Not one for the purists out there I'm afraid. I was never keen on the garish looks, and the date change is always a chore on these. So one bit of 400 grit later and bingo...

Before:










After:


----------



## mrteatime (Oct 25, 2006)

djacks42 said:


> Not one for the purists out there I'm afraid. I was never keen on the garish looks, and the date change is always a chore on these. So one bit of 400 grit later and bingo...
> 
> Before:
> 
> ...


2nd pic aint working dude


----------



## djacks42 (Nov 21, 2005)

try again.. :cry2:


----------



## Guest (Jan 15, 2009)

As I always say to the 710 "If at first you don't succeed"

Suck harder


----------



## blackandgolduk (Apr 25, 2005)

As I'm wearing the very same watch today, I really, really, really want to see the 'after' pic!


----------



## RussellB (Dec 22, 2008)

Yes the after would be good


----------



## djacks42 (Nov 21, 2005)




----------



## RussellB (Dec 22, 2008)

And the after pic?


----------



## marillion2 (Jan 11, 2009)

I'm looking to buy one of these, the after pic please.


----------



## djacks42 (Nov 21, 2005)

marillion2 said:


> I'm looking to buy one of these, the after pic please.


Well i've never had any probs before. It shows up and then seems to vanish after a while..










and link as back up..

photobox


----------



## mel (Dec 6, 2006)

Hope you kept the numbers to stick back on if you decide to sell it again :lol:


----------



## djacks42 (Nov 21, 2005)

mel said:


> Hope you kept the numbers to stick back on if you decide to sell it again :lol:


Nah - sanded the whole face down to the brass to get the paper on nice and smooth. :lol: Just need to find some better hands for it now.

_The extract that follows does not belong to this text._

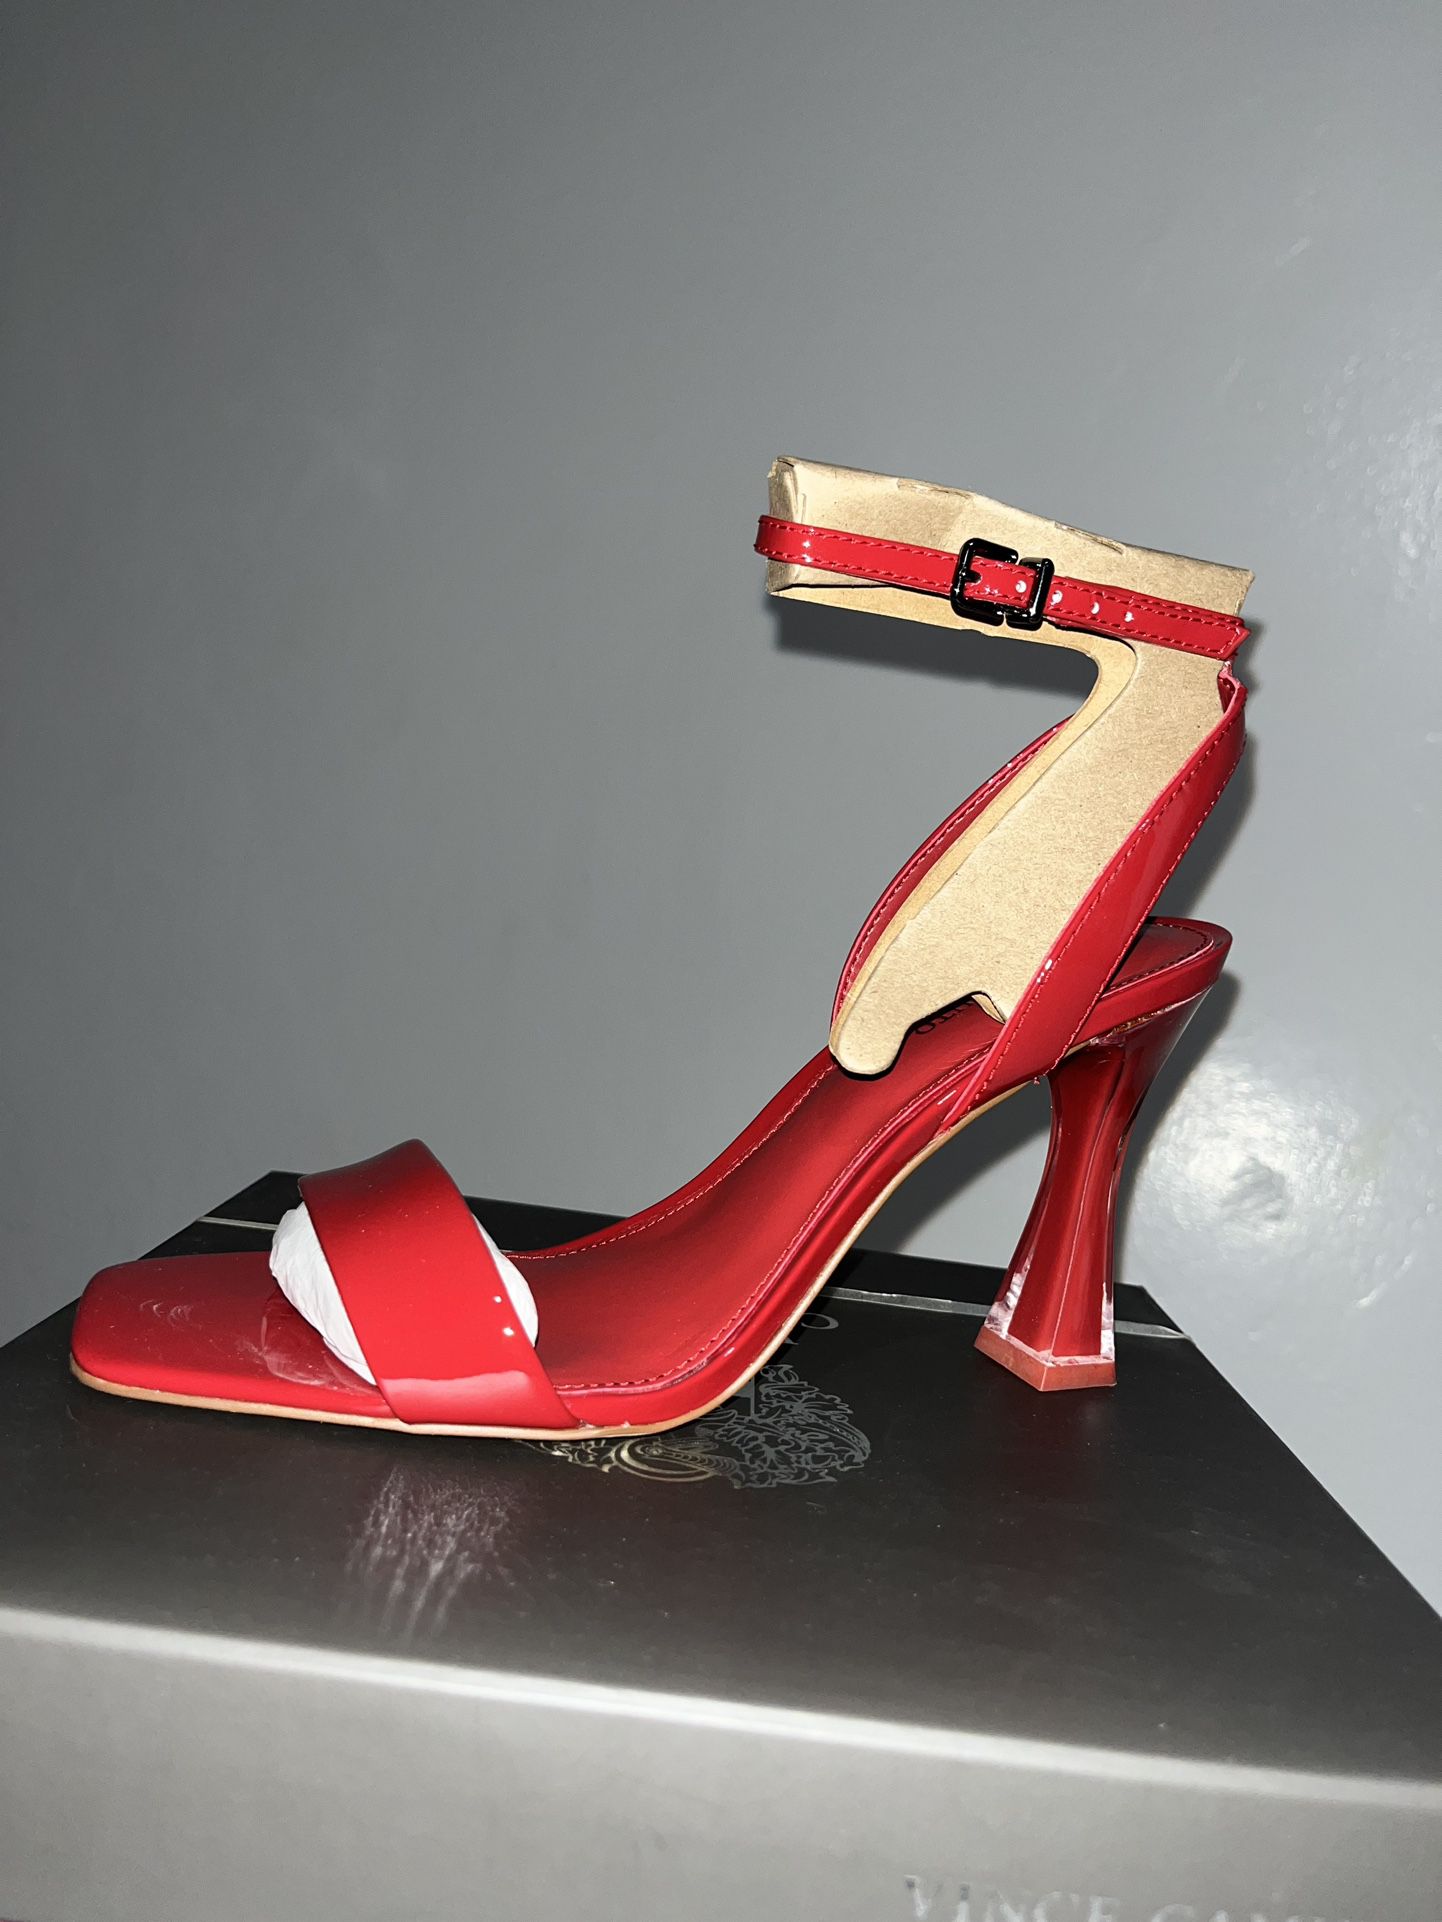 Vince camuto - Fire Red size 8 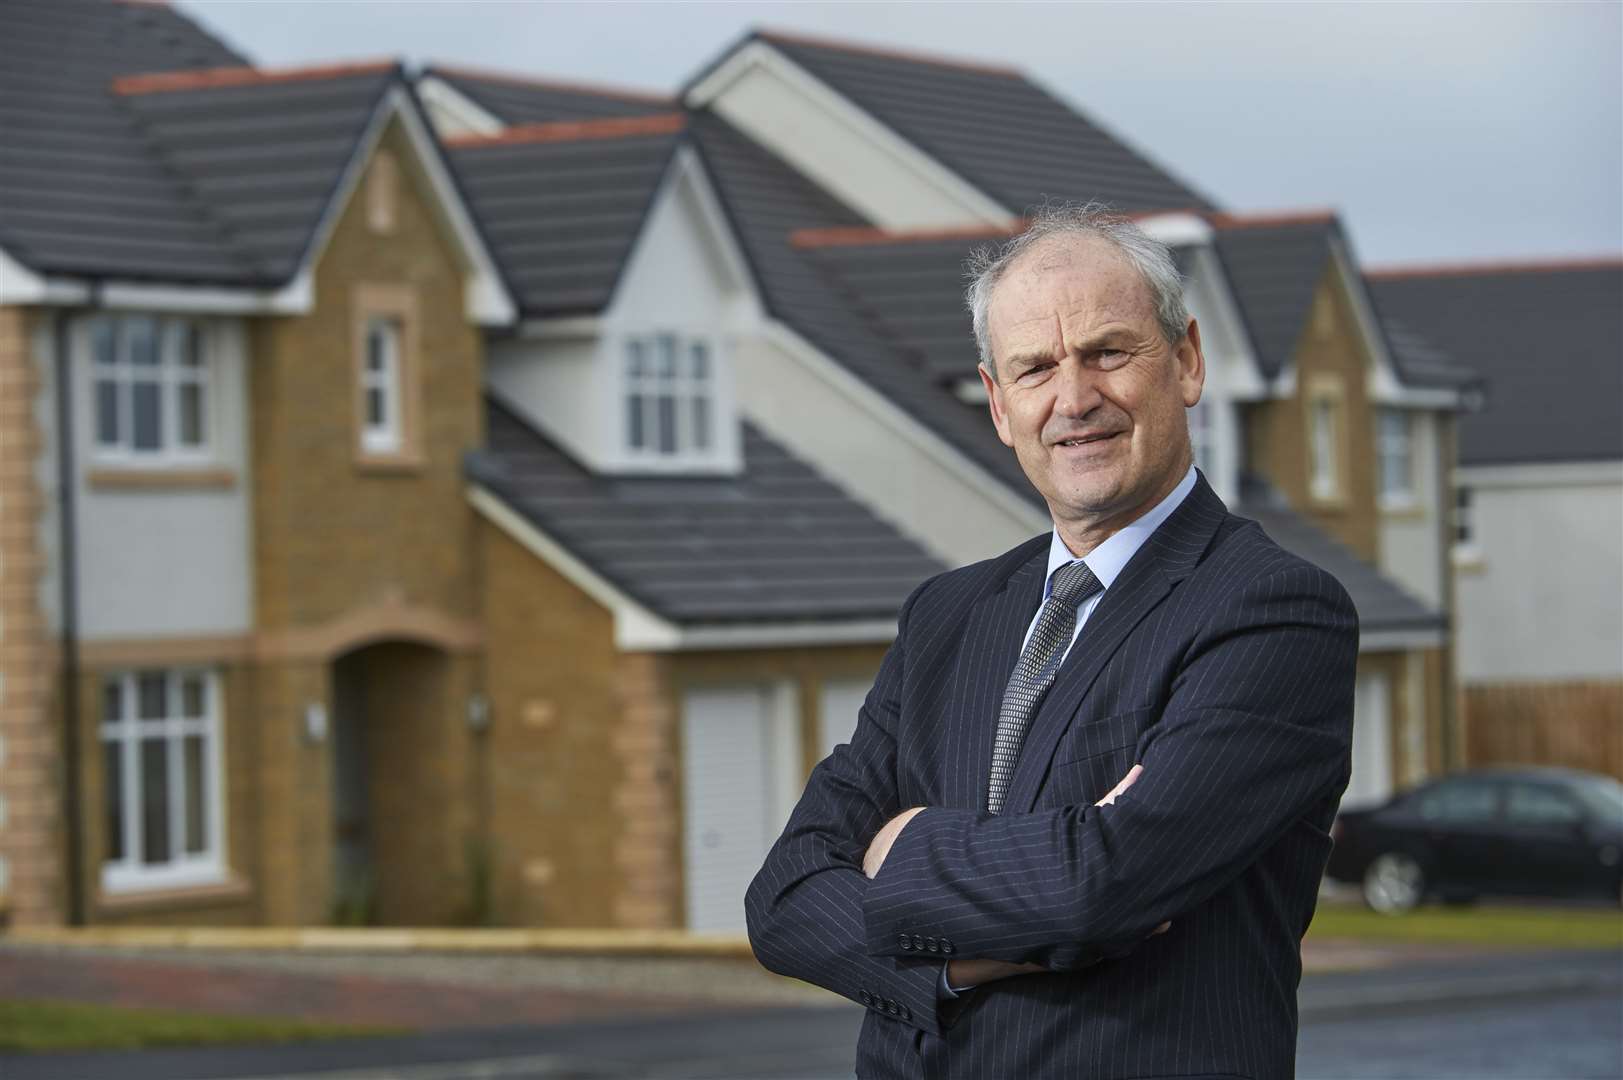 Chief Exec of Tulloch Homes, George Fraser, pictured at an Inverness developments.

Can anyone tell me why the photo keeps dissapearing? It shows up fine in the preview.


----------



## djacks42 (Nov 21, 2005)

ok - resized smaller now..


----------



## Stan (Aug 7, 2003)

I'd give up if I were you, your technology is being very unkind at the moment.


----------



## djacks42 (Nov 21, 2005)

Stan said:


> I'd give up if I were you, your technology is being very unkind at the moment.


I have not seen the answer yet, but other Photobox users are having the same issue. So, until I figure it out, I'm going to try with tinypic. Wish me luck!


----------



## thunderbolt (May 19, 2007)

Now that's what I call a sterile dial. Certainly different though.


----------